» **What you have to do**: Restate the data below word for word, and let no image into your version.

» **Recorded information**:
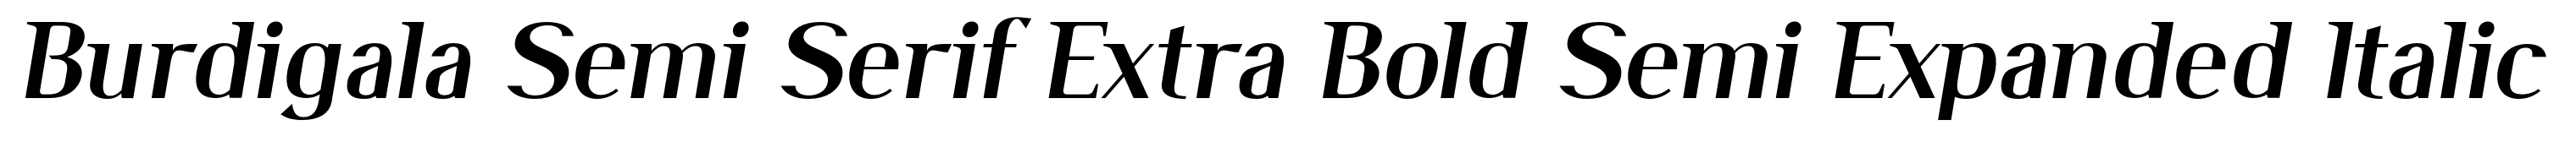 Burdigala Semi Serif Extra Bold Semi Expanded Italic
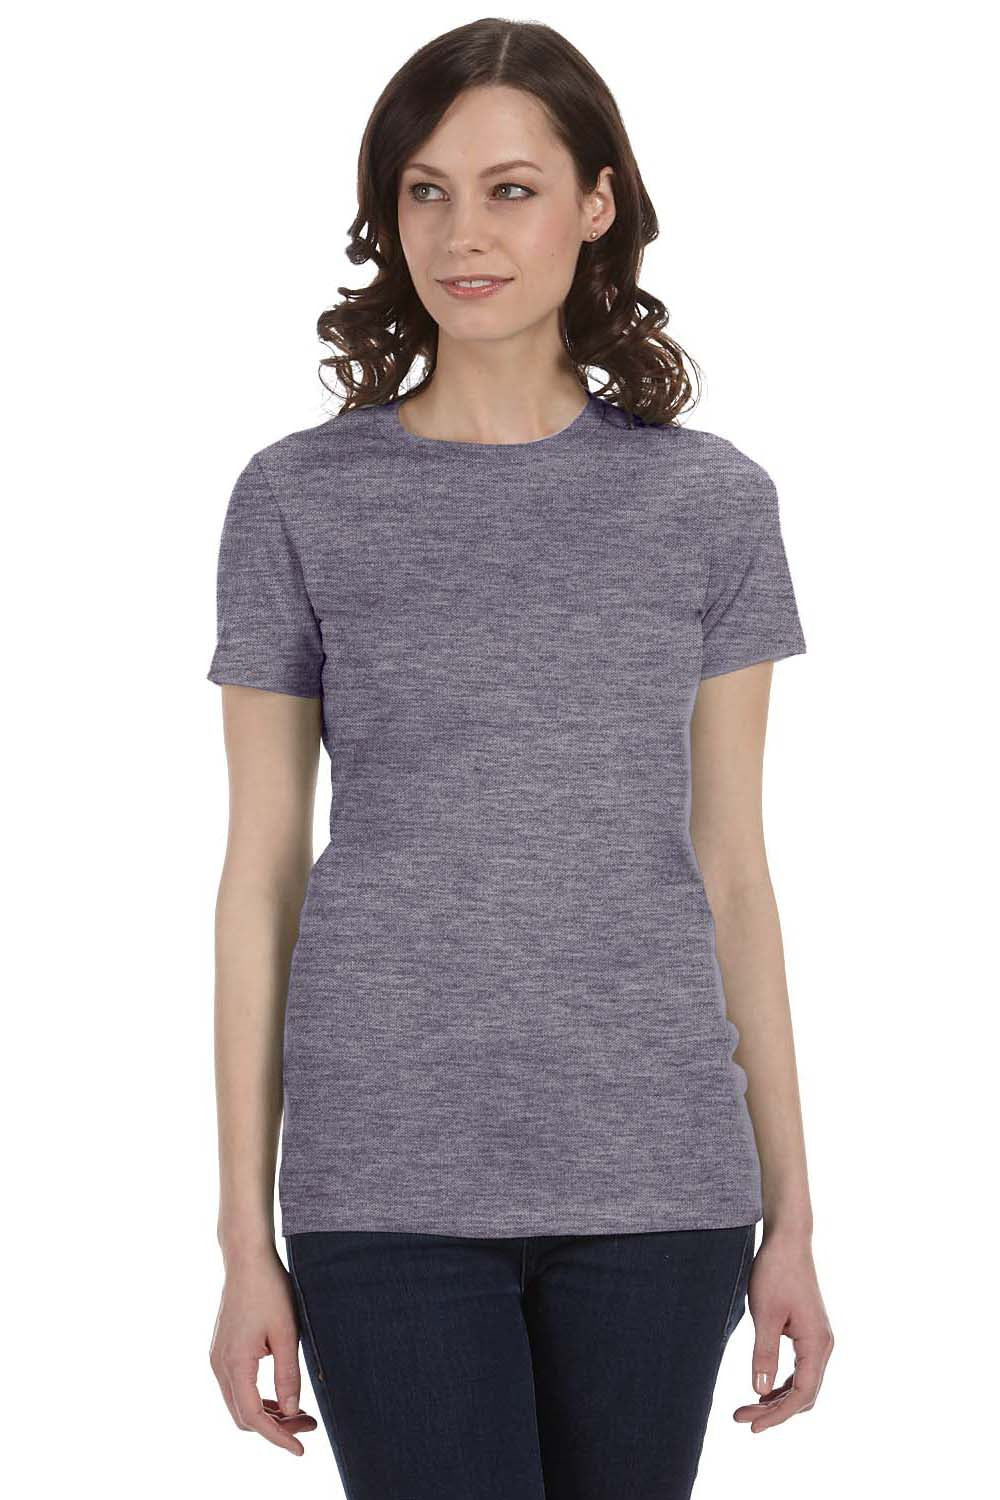 Bella + Canvas 6004 Womens The Favorite Short Sleeve Crewneck T-Shirt Heather Purple Front
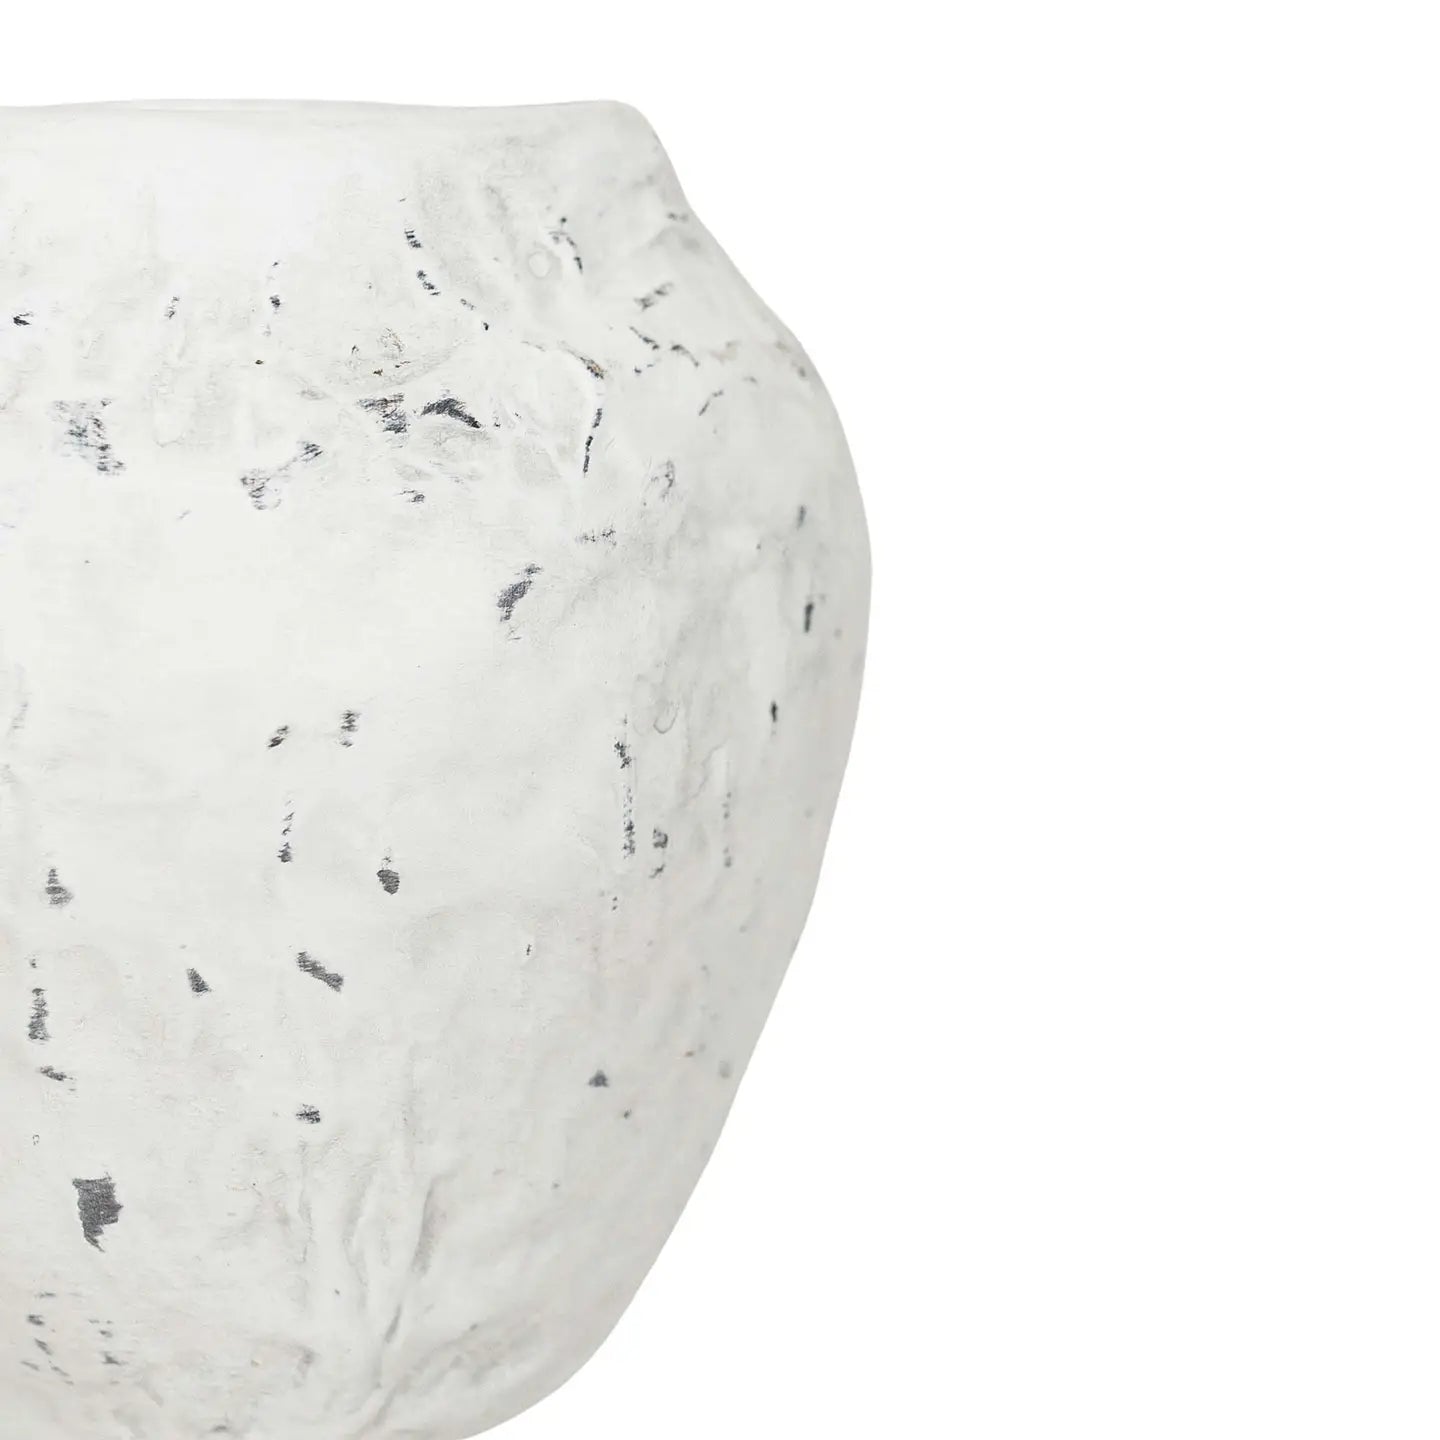 Ambrosine Vase White

» **Solution**:
 Burdigala Semi Serif Extra Bold Semi Expanded Italic
 Bella + Canvas 6004 Womens The Favorite Short Sleeve Crewneck T-Shirt Heather Purple Front
 Ambrosine Vase White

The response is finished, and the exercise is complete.